CytoDyn's Vyrologix Shortens Hospital Stays, Improves Survival in Severe COVID-19

Coronavirus patient in hospital

Newly-announced findings from a Phase III trial conducted by late-stage biotechnology company CytoDyn indicate that the use of Vyrologix™ (leronlimab), the company’s CCR5 antagonist candidate, was safe and improved the survival rate in critically ill hospitalized patients with coronavirus disease 2019 (COVID-19).

Additionally, treatment with Vyrologix led to a faster hospital discharge in these patients.

Data from the trial were reported to the U.S. Food and Drug Administration (FDA), the U.K.’s Medicines & Healthcare product Regulatory Agency and Health Canada in an effort to identify next steps toward approval of Vyrologix for the indication of COVID-19 in patients with severe disease.

As of yet, the findings from the late-stage trial have not been published, but CytoDyn said it is preparing a manuscript of the study data to submit to one or more major journals.
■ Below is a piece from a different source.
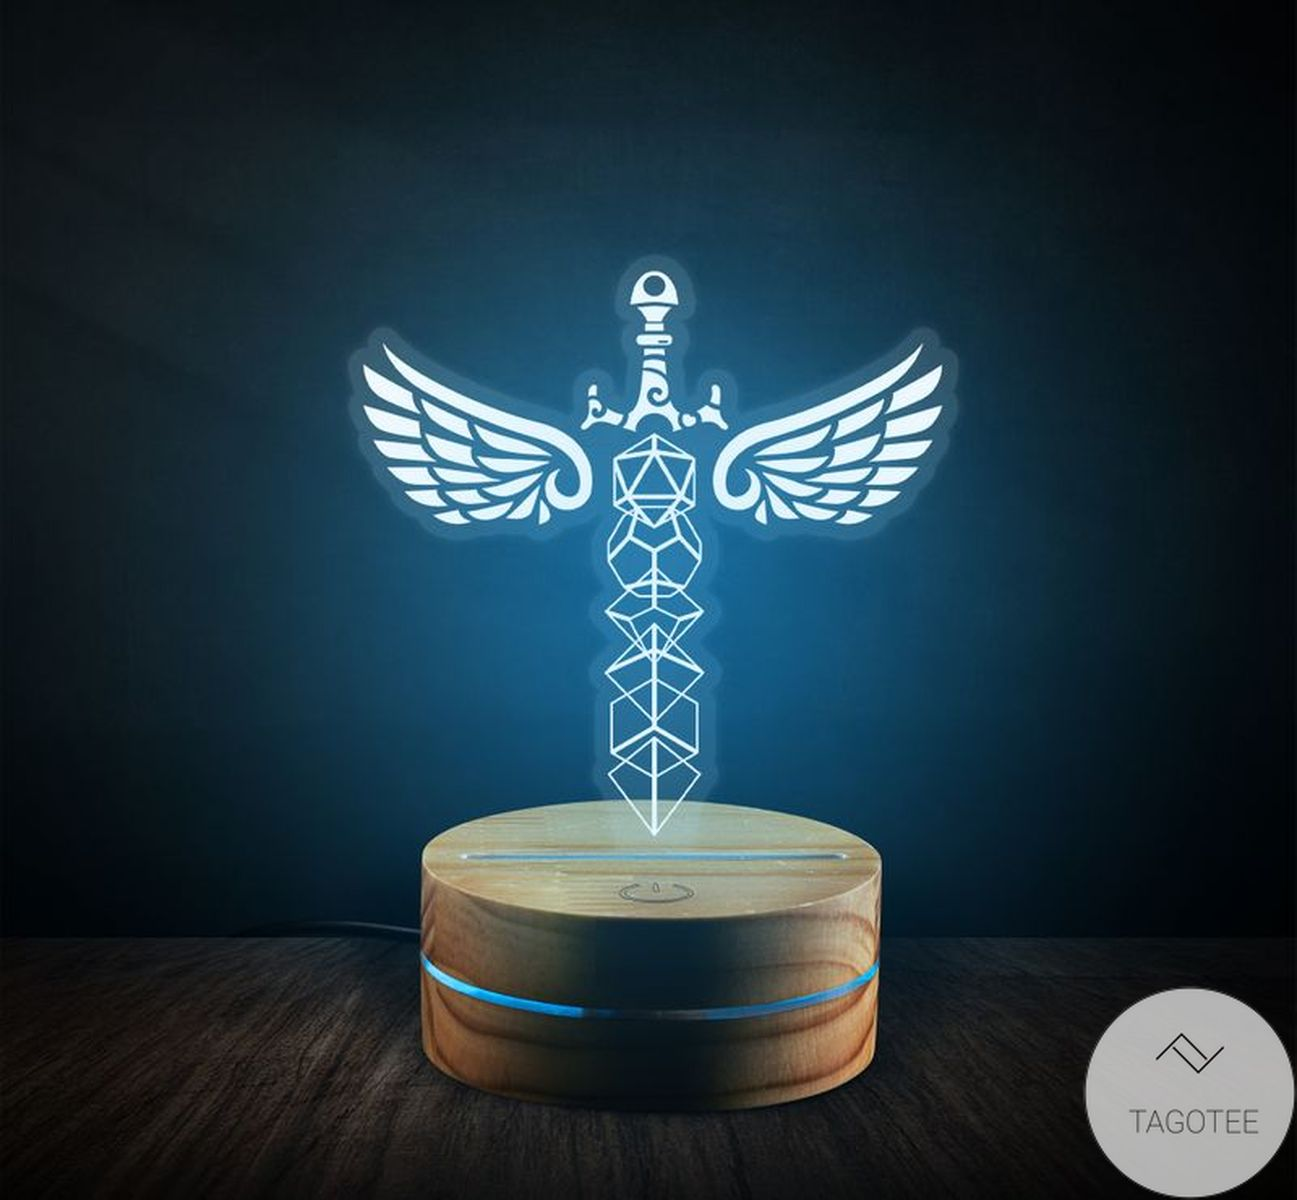 D&D Dice Sword UV LED Lamp, Night Light Lamps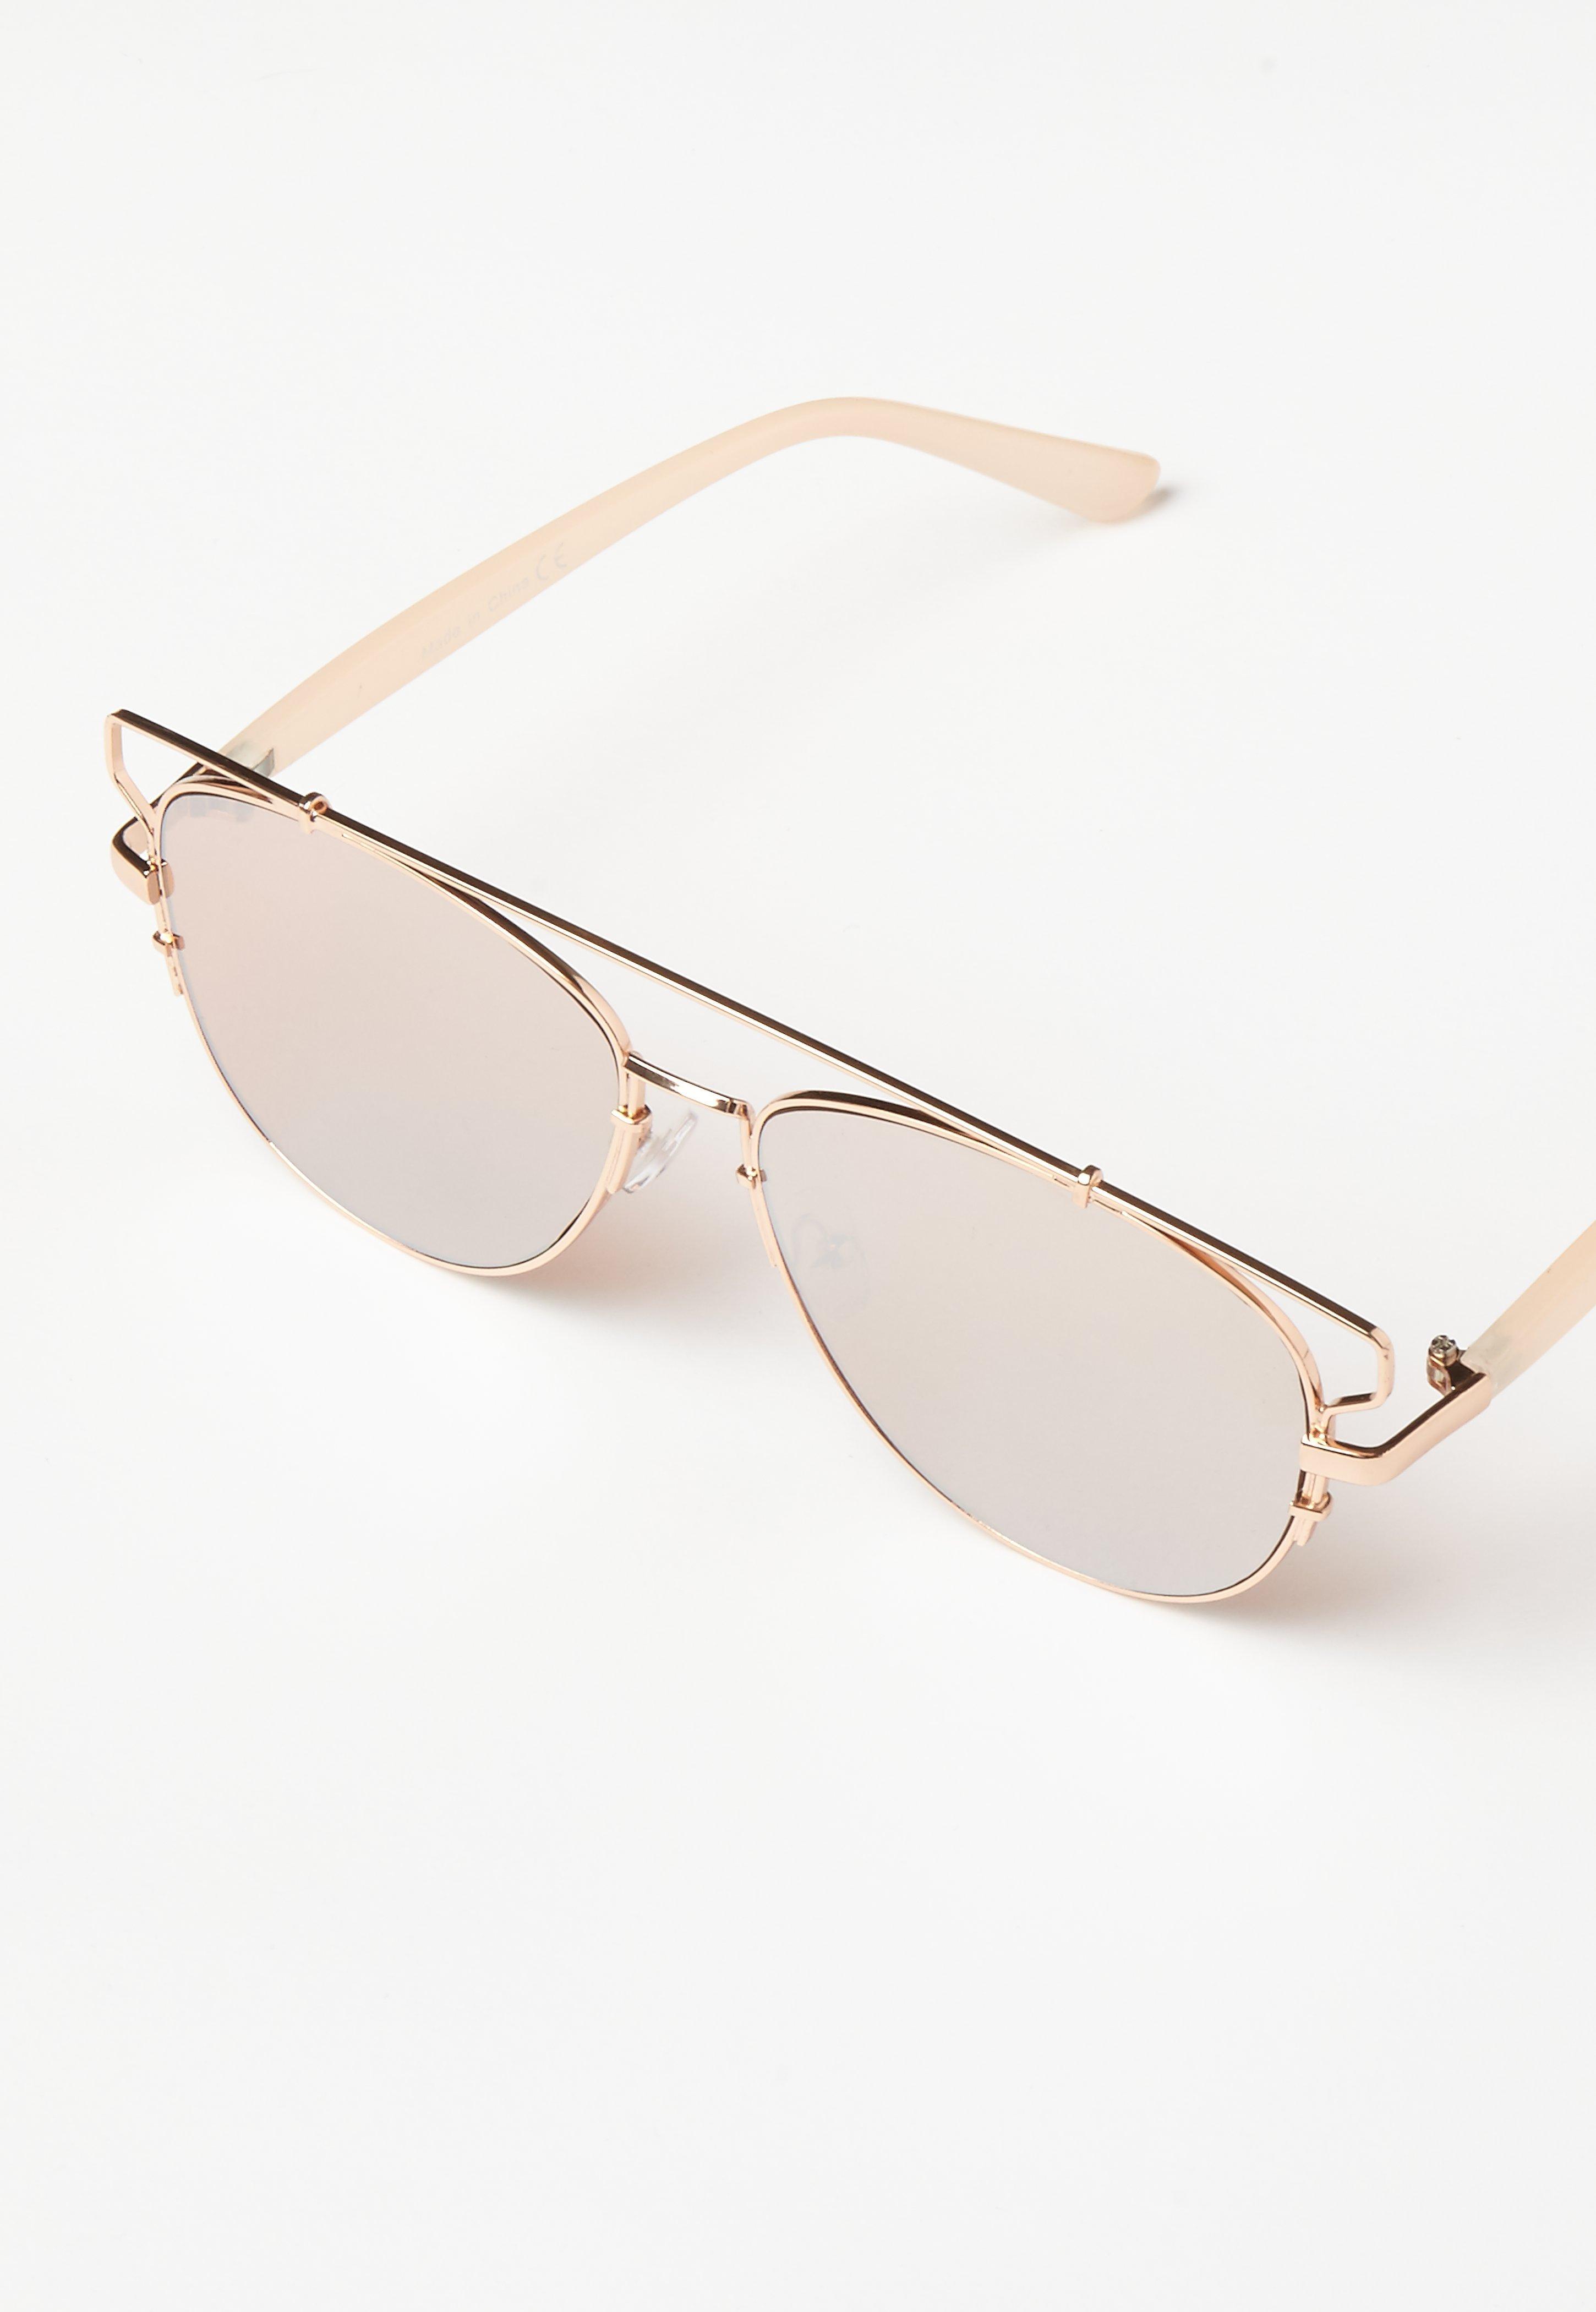 Rose Gold Metal Frame Aviator Sunglasses - Missguided

Last year, data showed that Vyrologix, which was originally developed for HIV, normalized the immune response in critically ill patients with COVID-19.

CytoDyn’s new Phase III investigative trial found that treatment with 700 mg Vyrologix resulted in a 24% reduction in the primary endpoint of all-cause mortality versus treatment with placebo. There was also a significantly shorter average length of hospital stay in the Vyrologix arm versus the placebo arm, with patients in the Vyrologix group having their hospital day shortened by six days.

Also, patients who received Vyrologix in this U.S. trial had a 166% better improvement in their probability of being discharged alive by day 28. Approximately 28% in the Vyrologix arm and 11% of patients in the placebo group met this secondary endpoint.

A total of 62 out of the 384 patients enrolled in CytoDyn’s study were considered critically ill, which the company suggests is too small a number relative to the overall trial size to make a firm conclusion of the therapy’s efficacy in this population.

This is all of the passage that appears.